When I was doing flight training in California, I was based at Long Beach Airport. It’s a sizeable field, with five paved runways, the longest a full 10,000 feet, but there isn’t too much commercial traffic, partly because of noise restrictions (it’s totally embedded in the greater LA conurbation) and partly because Los Angeles International is only 18 miles away.

The site was originally named Daugherty Field after Earl S. Daugherty established a very early flying school (possibly the world’s first) on the property in 1919. The famous aviation pioneer Amelia Earhart took her first ever flight there in 1920.

Daugherty’s obviously an Irish name, but I’m even more proud to be a spiritual descendant of the star of “The Flying Irishman”, an RKO picture of 1939. Douglas “Wrong Way” Corrigan played himself in the autobiographical movie, with the other parts filled by Hollywood regulars.

Wrong-Way CorriganCorrigan earned fame and his nickname by making an unauthorised solo transatlantic flight in 1938, claiming that he had “accidentally” flown East instead of West because bad light made it impossible to read his compass. Departing Bennett Field in Brooklyn in the early dawn, he landed at Casement Aerodrome outside Dublin 28 hours later, instead of his home base at Daugherty Field, Long Beach.

The fact was that Corrigan had been applying for official permission to fly the Atlantic for more than a year, but his aircraft had never been approved as airworthy for the role. Even the incoming non-stop flight from California to New York had only been given provisional approval.

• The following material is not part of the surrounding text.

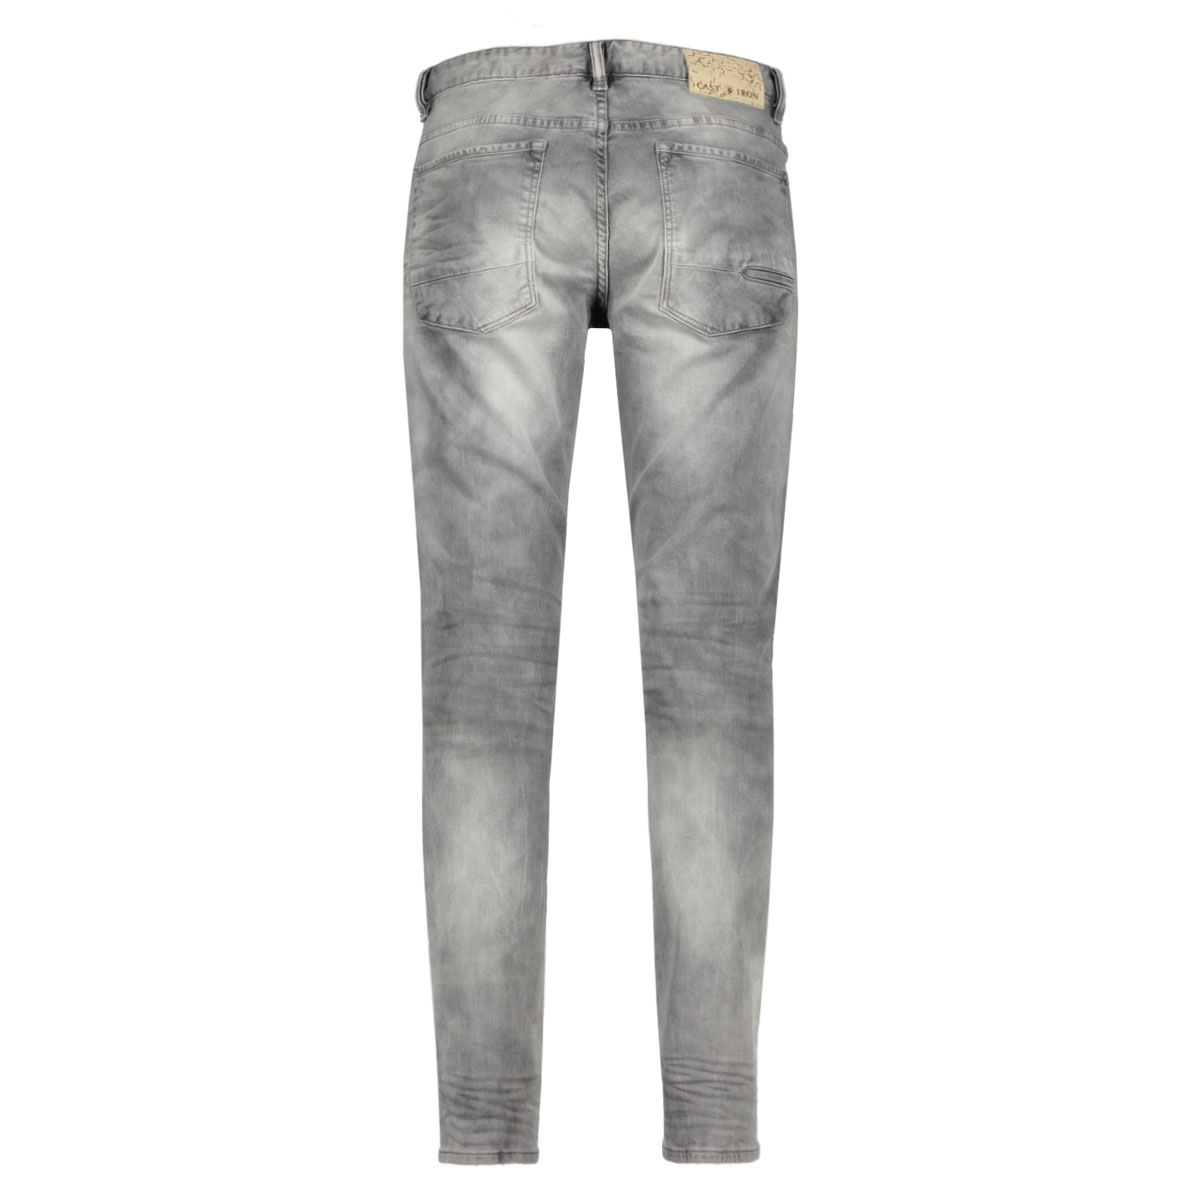 ctr71204 cast iron jeans bgs

This was not merely bureaucracy. Corrigan’s plane was a heavily-patched 1929 Curtiss Robin which he had extensively modified in an idiosyncratic way, with a new engine assembled from the components of two non-functional ones, and extra fuel tanks attached in various places. The Bureau of Air Commerce (forerunner of the FAA) grounded the plane as un-airworthy (for any flying at all) in 1937 when he made his first flight to New York. Corrigan had probably planned an unofficial Atlantic crossing at that time, but had to ship the plane back to Long Beach for further modifications to make it legal, so that he would at least be allowed to take off again at New York.

In 1938, when he departed Brooklyn, it was in a plane that had no visibility to the front because of the placement of one of the additional fuel tanks. After flying the “wrong way” for ten hours, he felt his feet cold, and noticed that a leak in one of the tanks had filled the bottom of the cockpit with gasoline. He stabbed a hole in the floor with a screwdriver to let it drain out, taking care to make the hole on the opposite side to the red-hot exhaust pipe. It’s not recorded how much fuel actually remained when he landed in Ireland.

Corrigan insisted, straight-faced, for the rest of his life that his transatlantic flight had been an accident. His license was suspended for 14 days as a very mild punishment. In fact, coming back by ship, the suspension expired the same day as he arrived in New York. The New York Post printed its headline in reverse in his honour, and the city gave him a bigger tickertape welcome than had been received by Lindbergh. As well as fees for the movie, he made money by endorsing products, such as a watch that ran backward.

I admire such bloody-minded determination, but I’m not like that myself. Too reasonable — that’s why I’m not famous.